The Lord completely surprised me with a position I didn't know existed and uses my gifts in a place that is already dear to my heart. I never imagined that I would be working for Samaritan's Purse in Haiti for 5 months. I will specifically be working at the Greta Home and Academy in L'acul. To say I am excited would be an understatement, I am humbled, thankful, thrilled, nervous and much more. God has already been teaching and preparing me for this season, as I know he will continue to do.

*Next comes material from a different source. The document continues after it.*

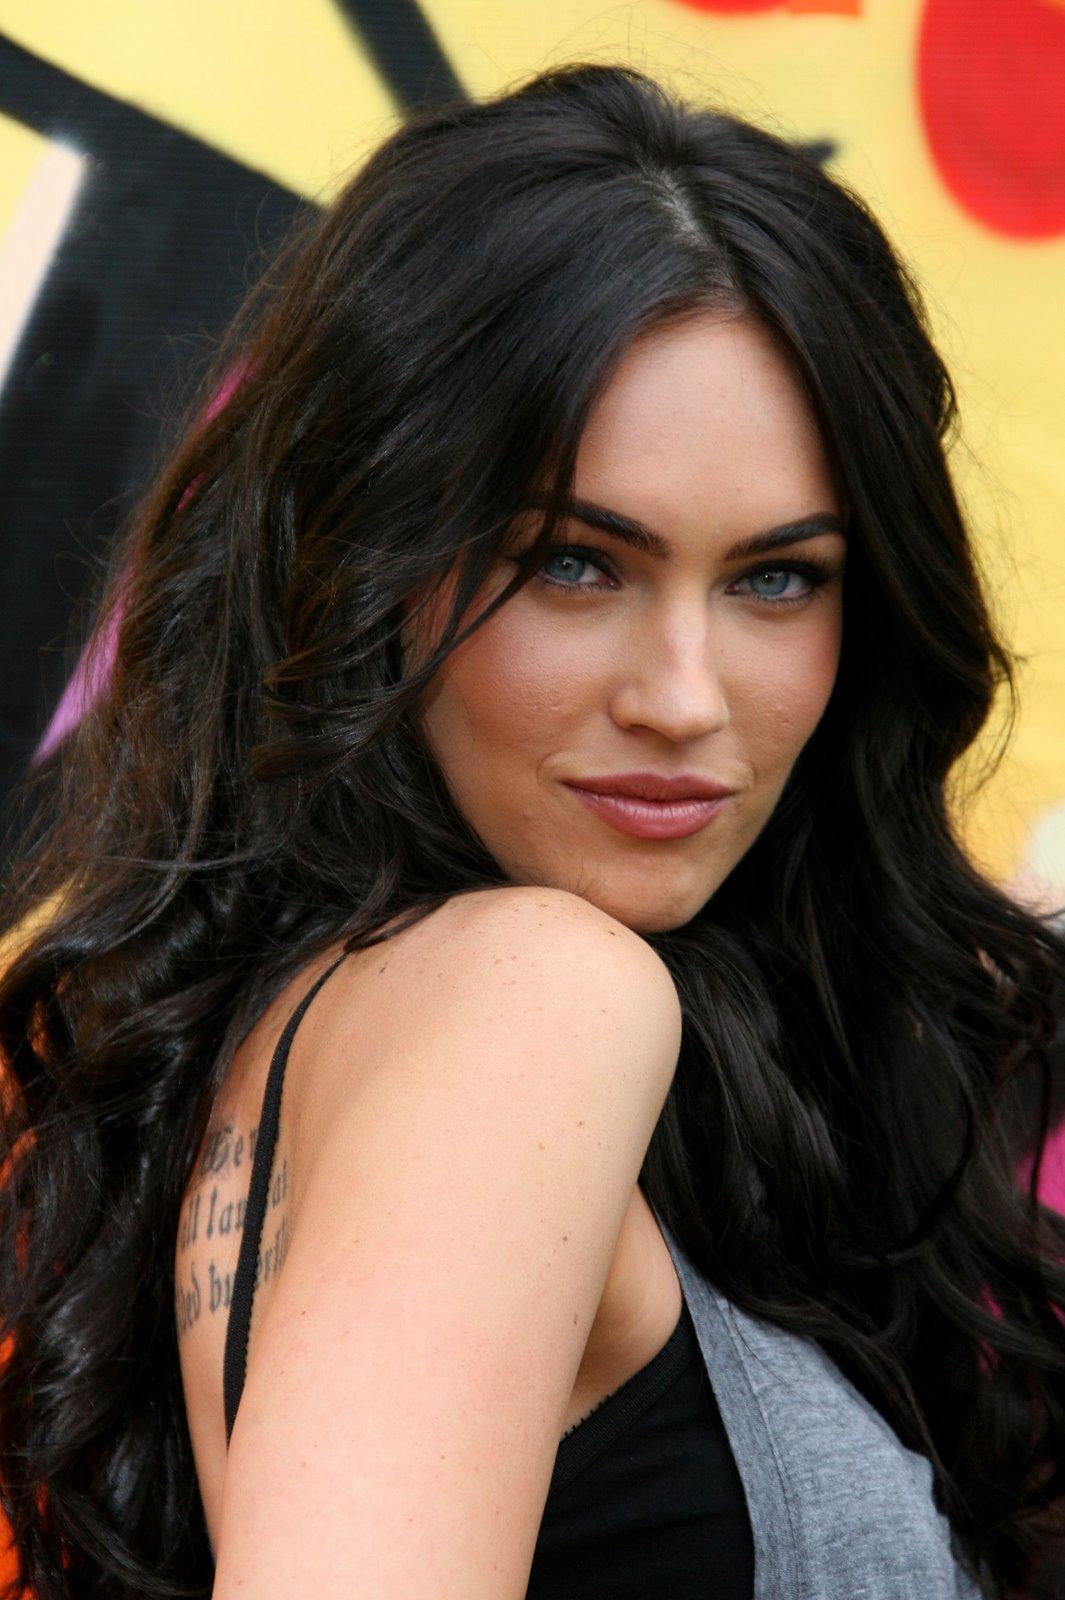 http://4.bp.blogspot.com/_jcLmI_ZzqII/TOhOPs1Io_I/AAAAAAAAAPE/hl24Q-8ZuUw/s1600/Megan+Fox+6.jpg
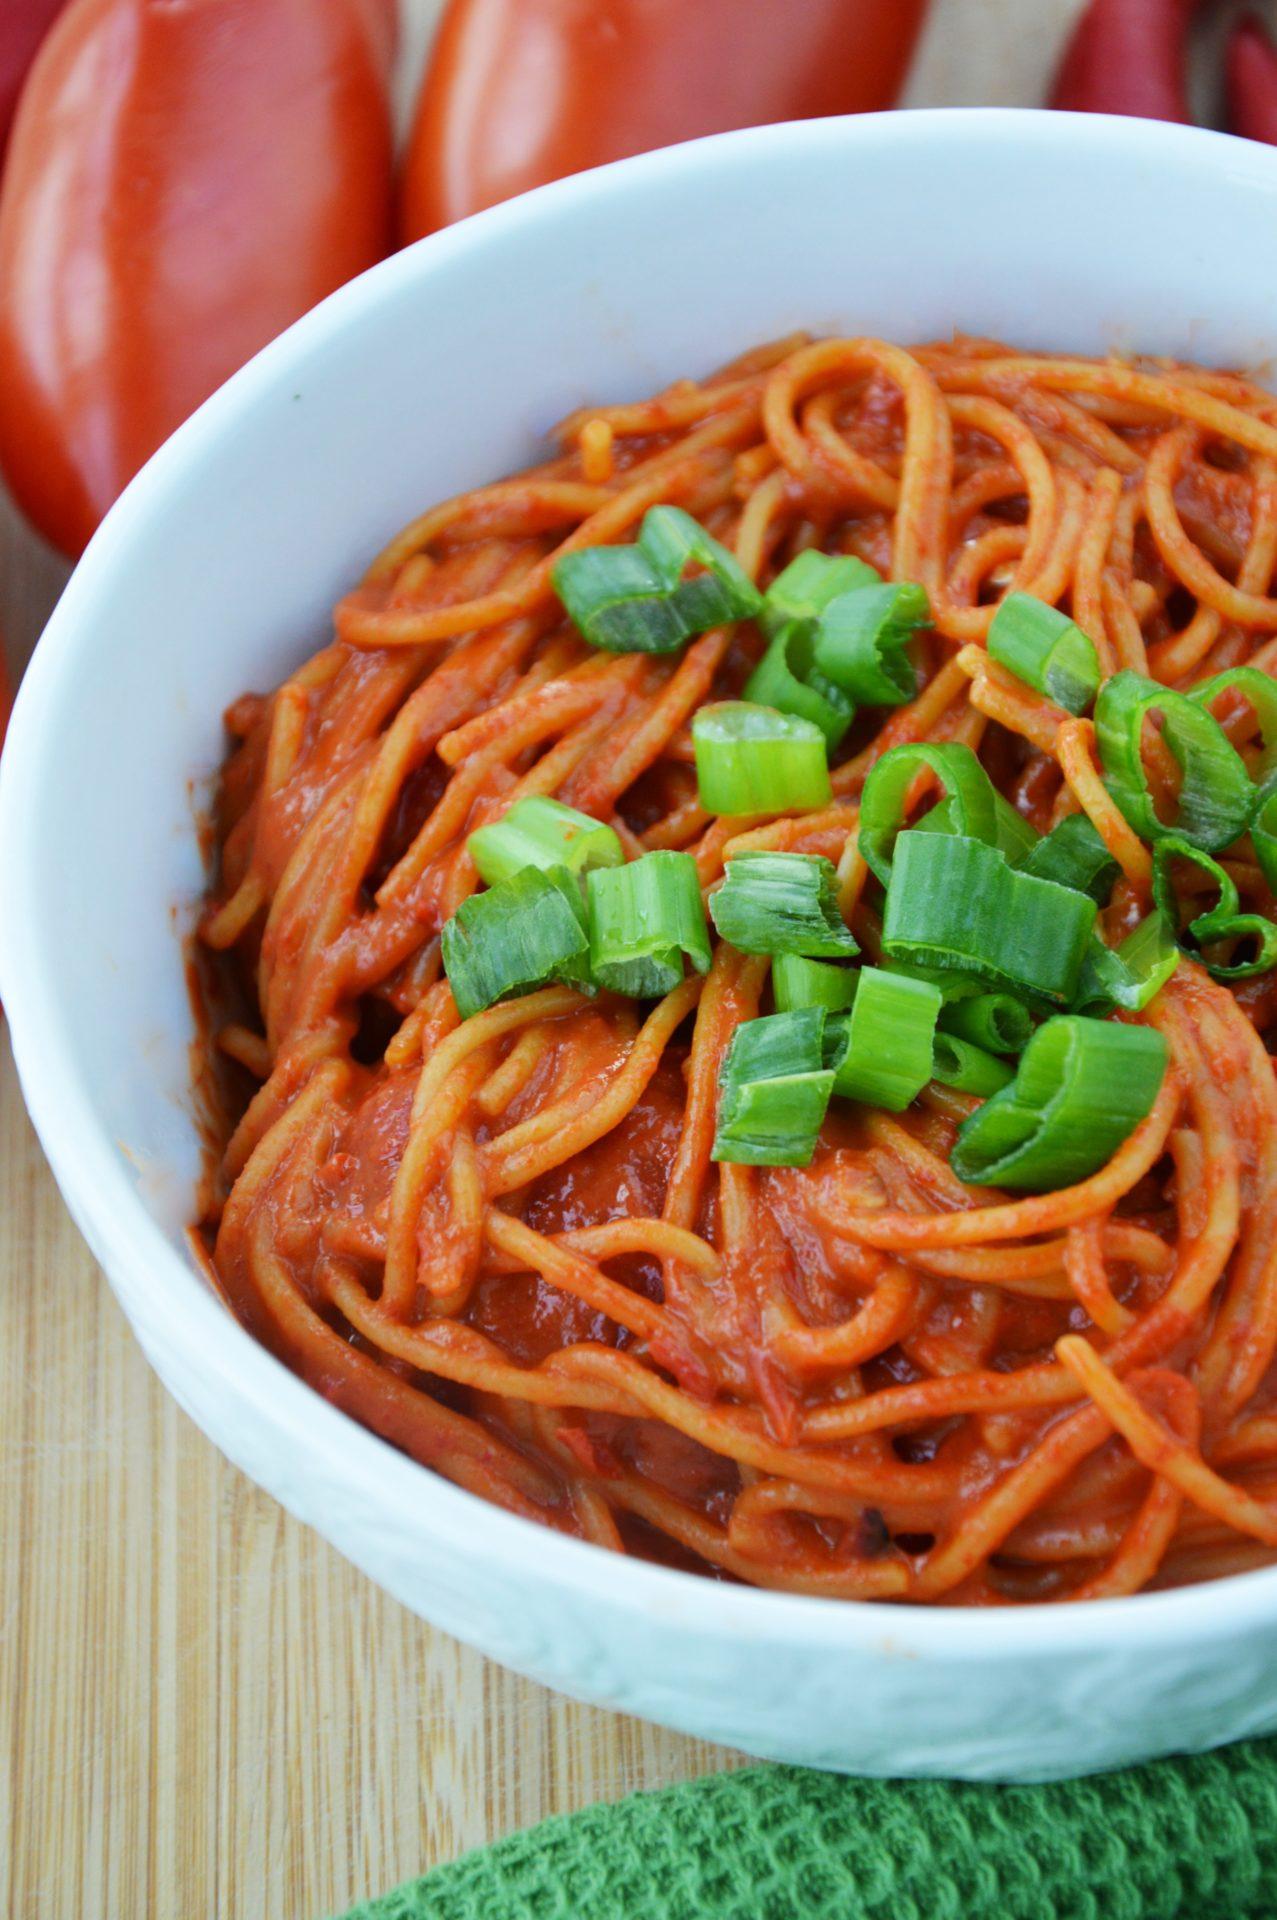 Spaghetti z sosem z pieczonej papryki i masła orzechowego w miseczce

I think it is easy for Christians, especially in my generation, to look at missionaries and think that their lives are full of adventure and excitement. Now that I will get a taste of this life for 5 months, I am already seeing the reality of it. Cold showers, spiders, lack of Wi-Fi and electricity, spiders, long hot days, and did I mention spiders? But despite these harsh realities, I am excited. I feel like for the first time I am stepping into something where I have no idea what to expect and no way to really prepare for it. Therefore, I have nothing but Jesus- and what a comfort that is. To me, that's where the real adventure is, in what I will learn from my complete dependence on my Savior.

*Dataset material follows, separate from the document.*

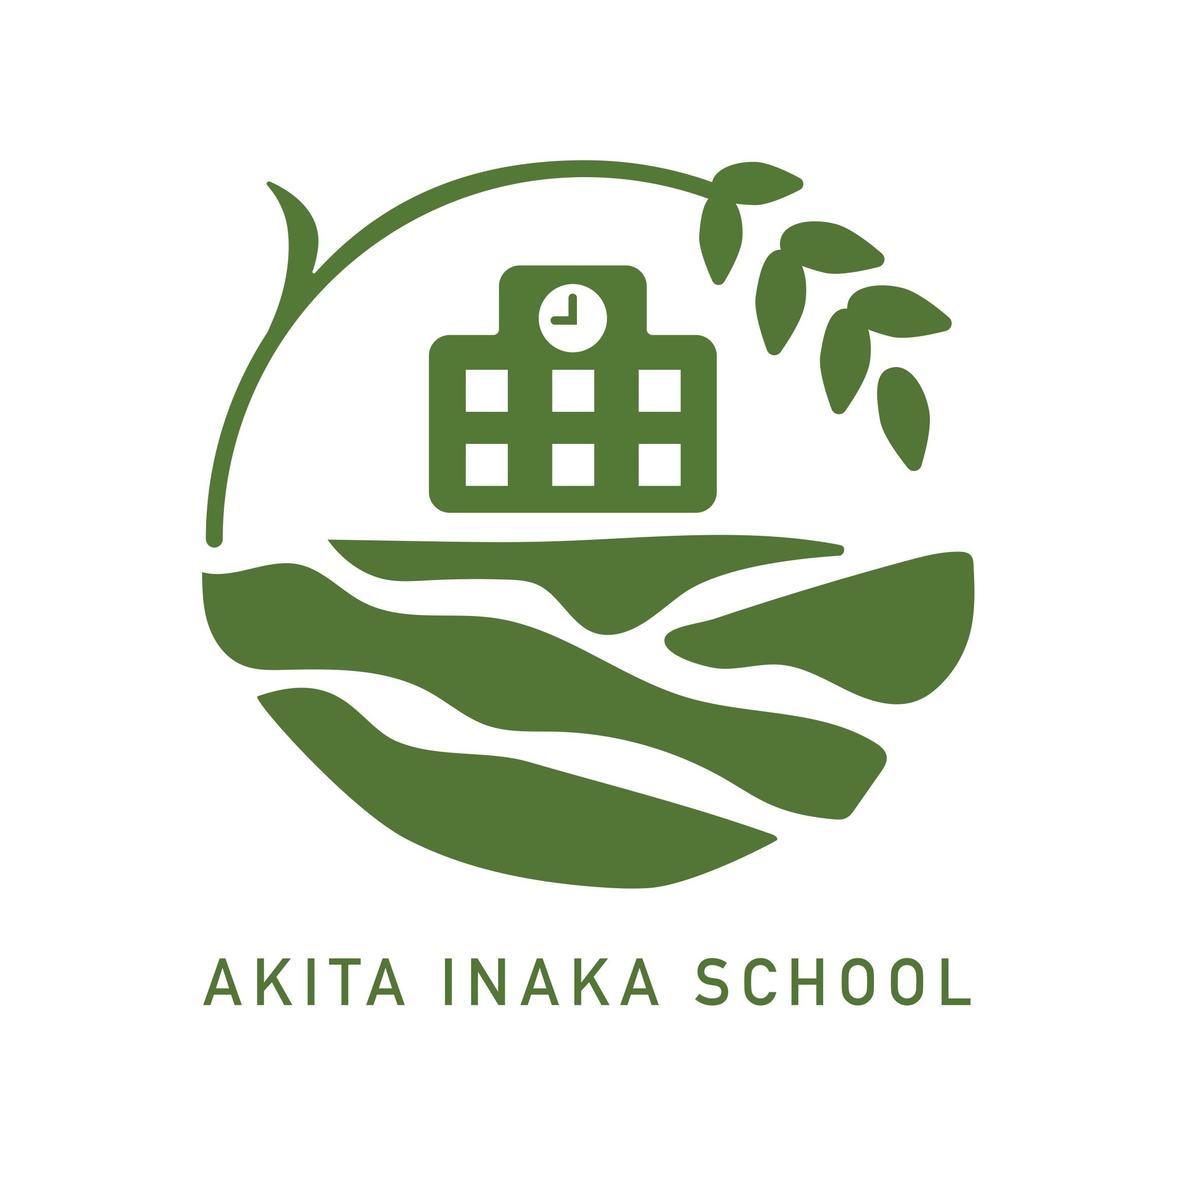 Akita Inaka School

I would be lying if I said I was not a little scared. I know that God does not bring fear, but he casts it out. However, in a way I have learned to appreciate fear. For me, when I find myself afraid, God is at work with something much bigger than I realize. Therefore, I think it is okay to have fear, it is just what you do with that fear that matters. Will you let it keep you from the greatness God has for you, or will you put feet to faith and step out in courage?

Thank you so much for reading this if you have made it this far. I just learned so much from this journey already that I wanted to share this process from the past few months. Please please pray for me. I need a strong prayer team for this upcoming season. I will be gone from January- May and will do my best to post updates on this blog.

Until then, remember that God is always good and always faithful.